— INSTRUCTIONS TO FOLLOW —
Retype all of the data word for word, without pictures.

— AVAILABLE DATA —
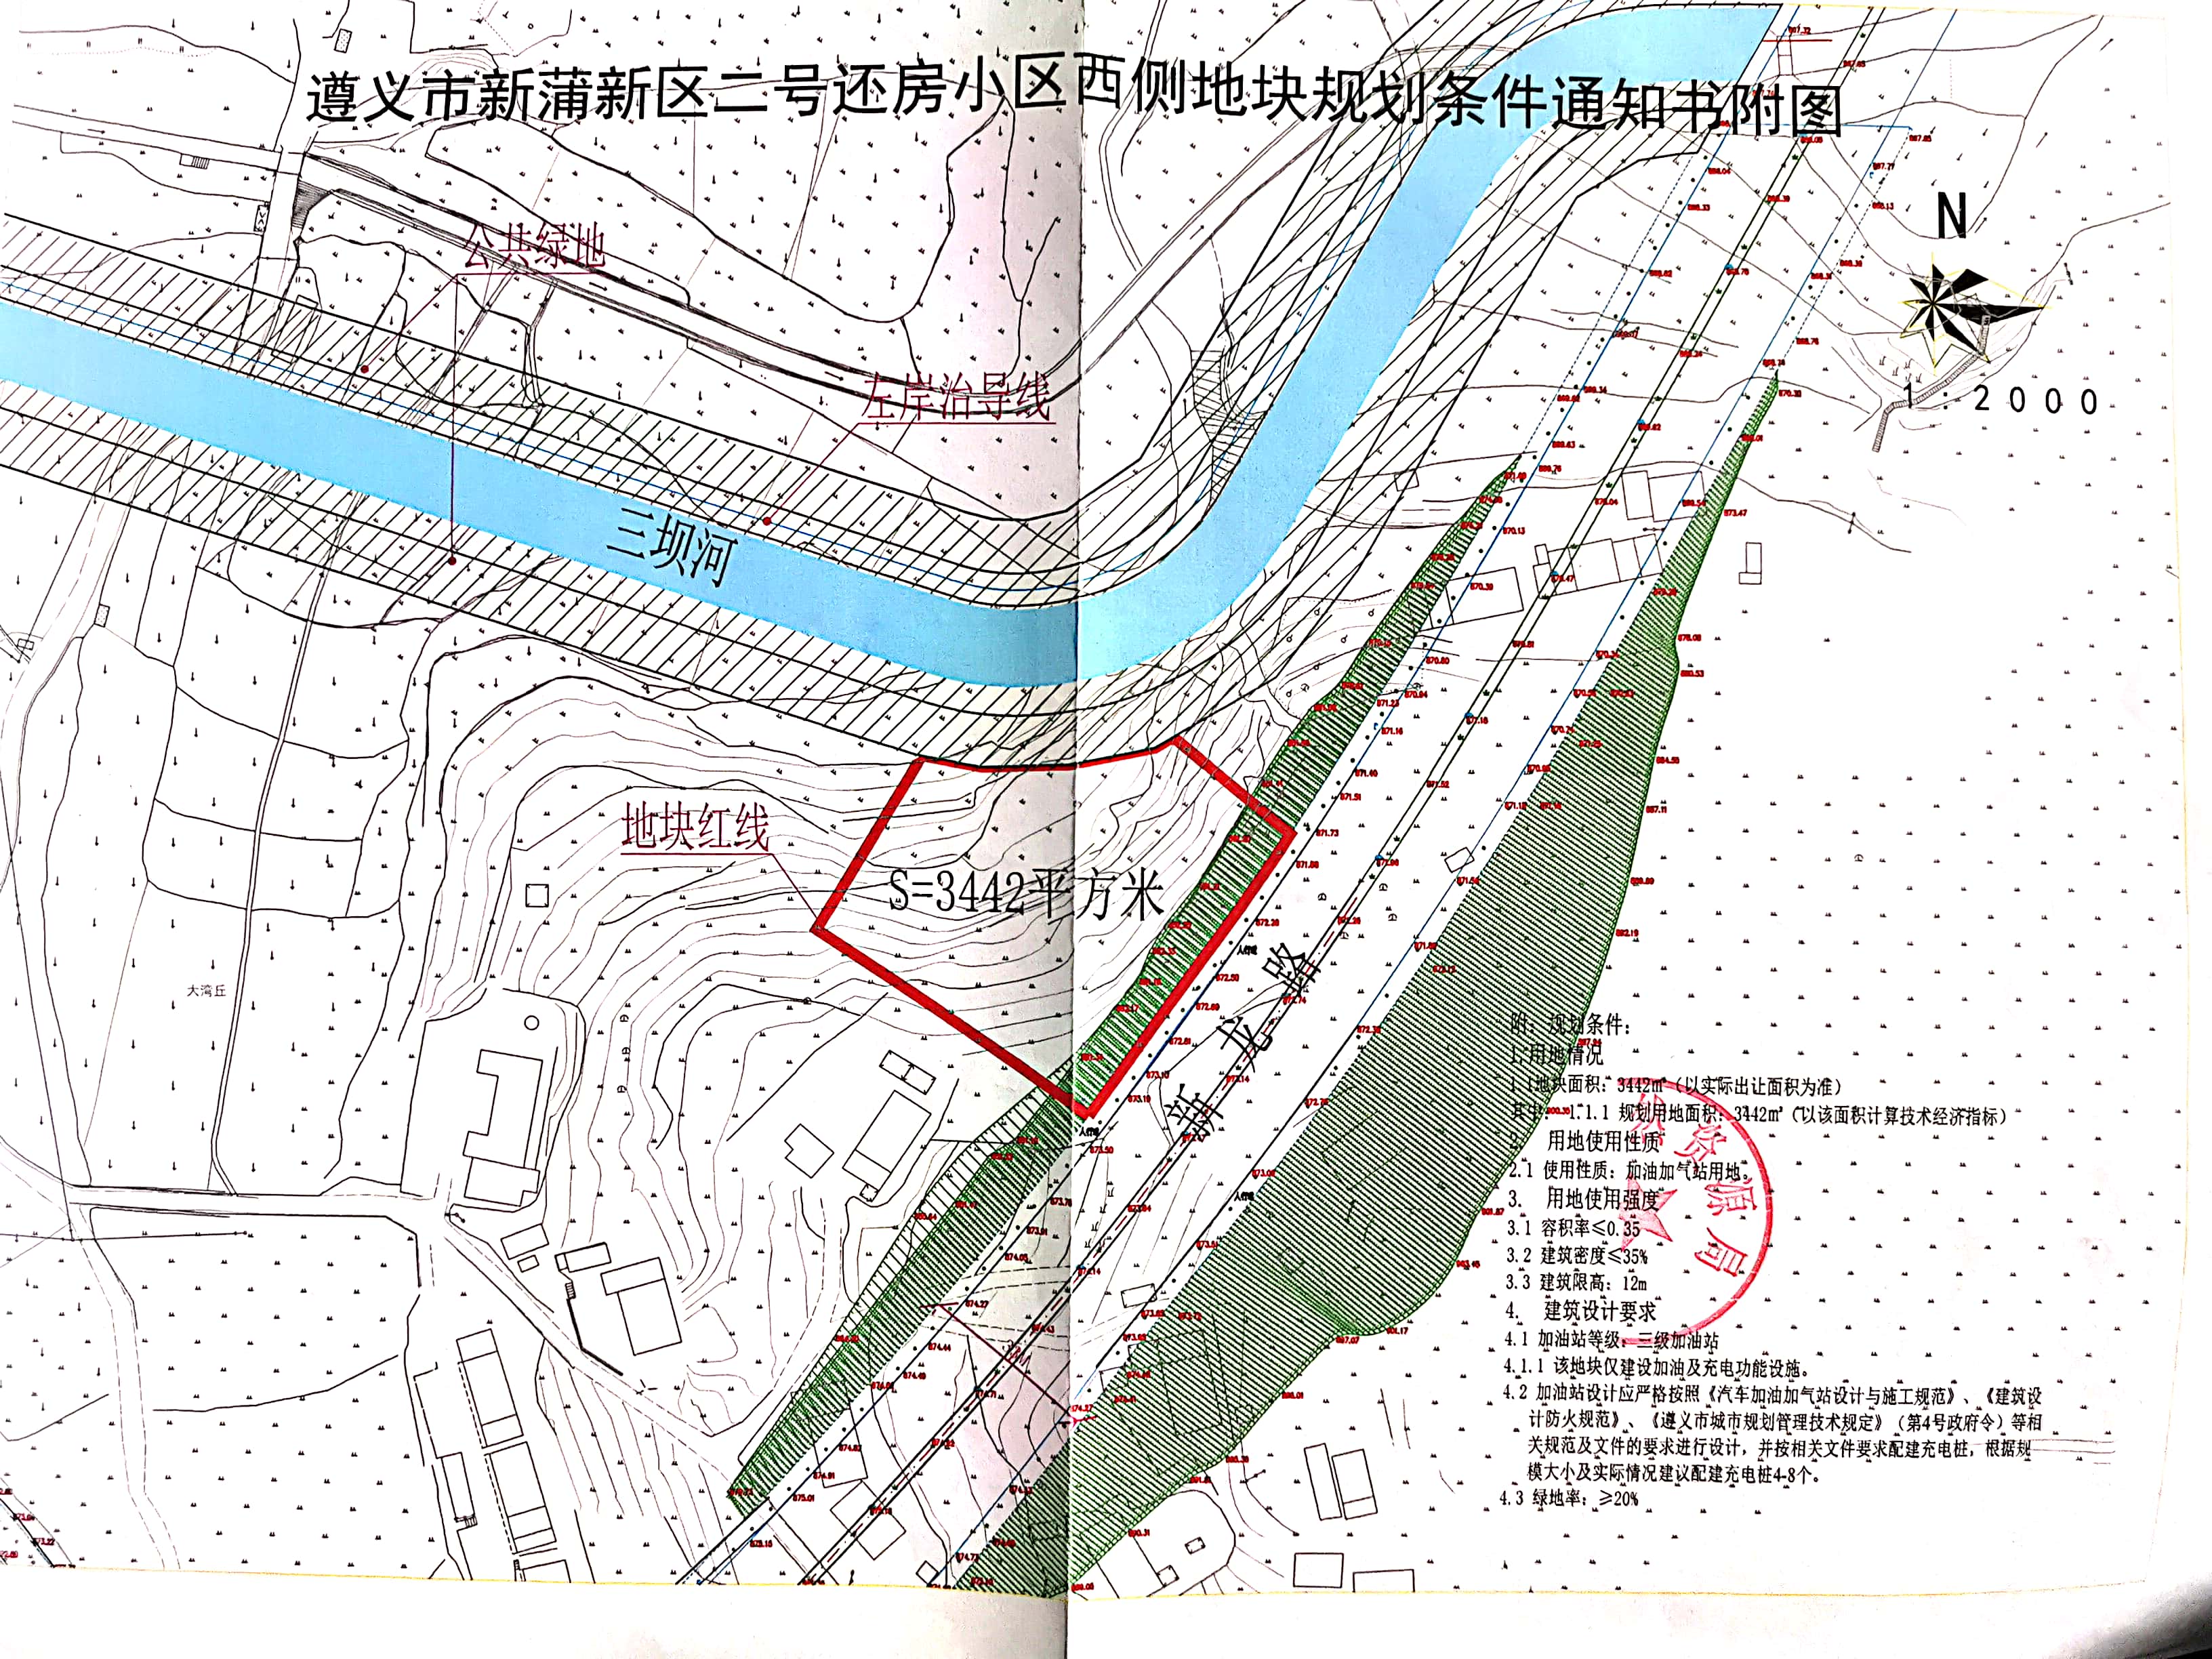 遵义新蒲新区地块挂牌出让 位于这几条路线东南侧（内容附图）-中国网地产
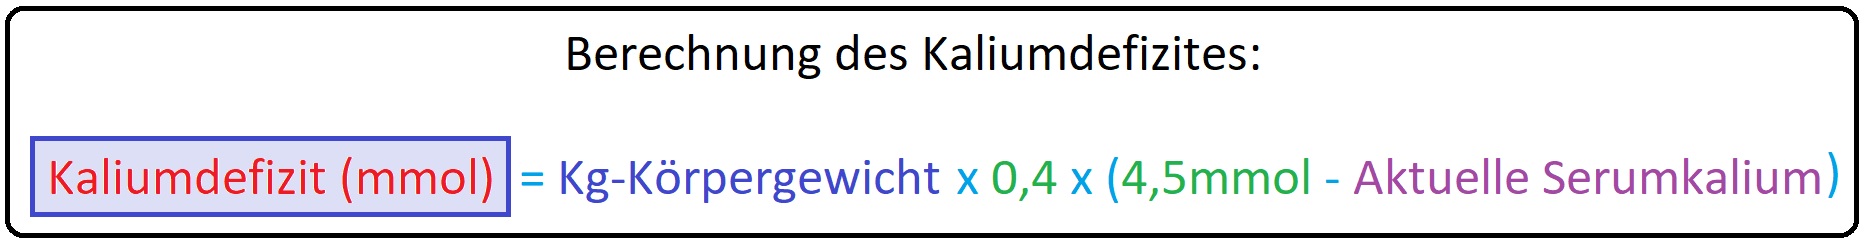 952 Berechnung des Kaliumdefizites
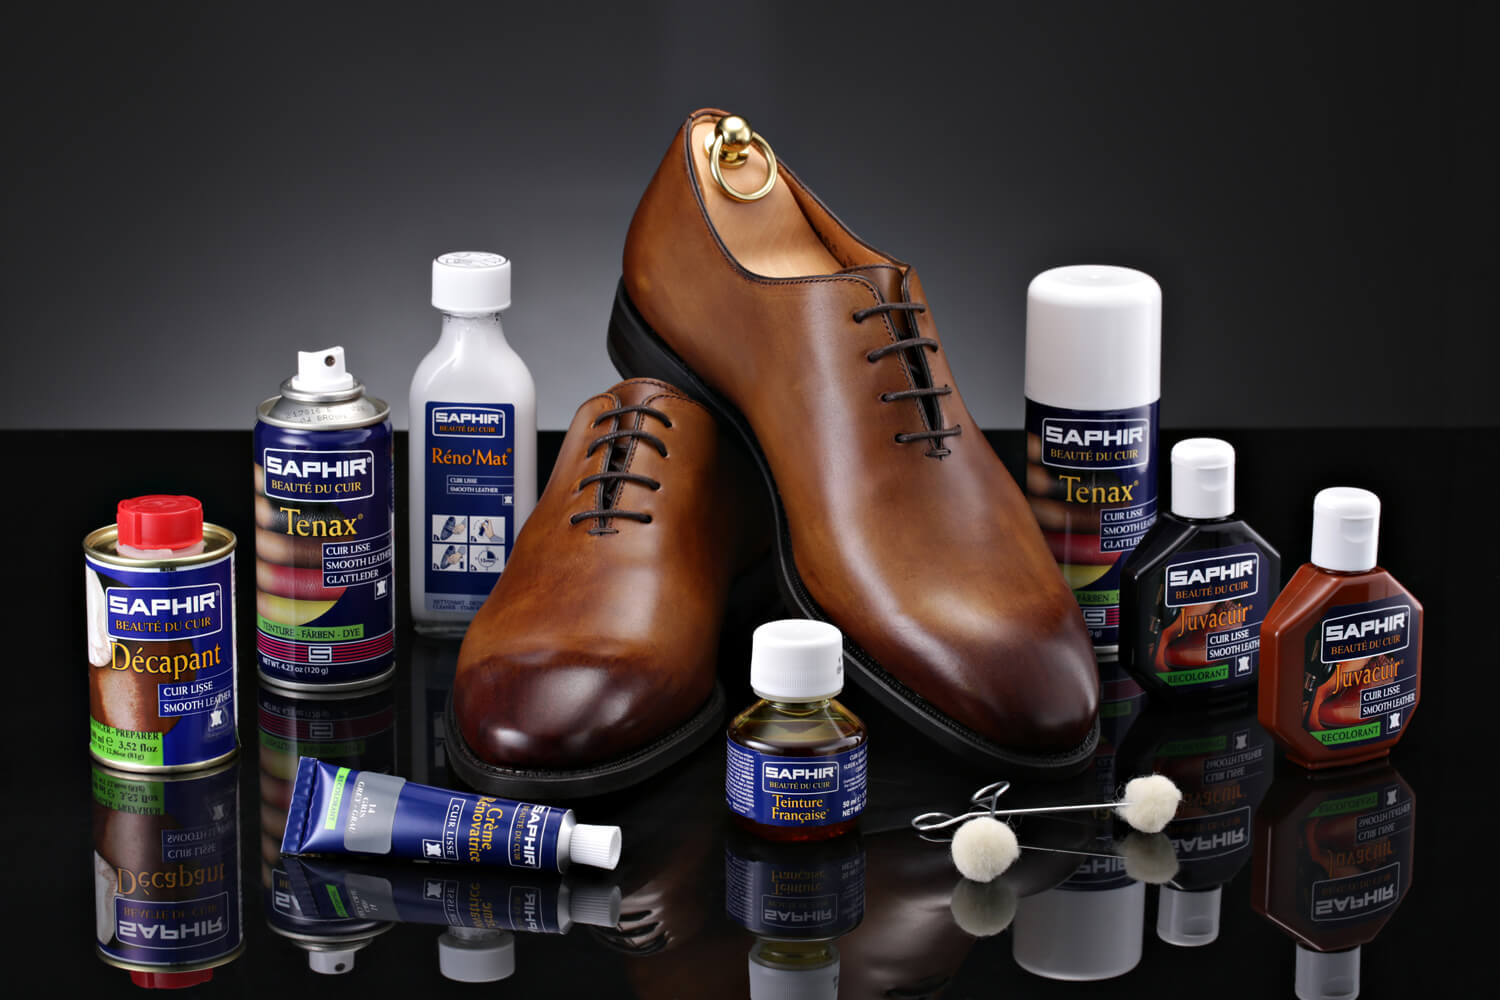 Правильный уход за лакированной обувью: чистка, обработка

— ANSWER AREA —
 遵义新蒲新区地块挂牌出让 位于这几条路线东南侧（内容附图）-中国网地产
 952 Berechnung des Kaliumdefizites
 Правильный уход за лакированной обувью: чистка, обработка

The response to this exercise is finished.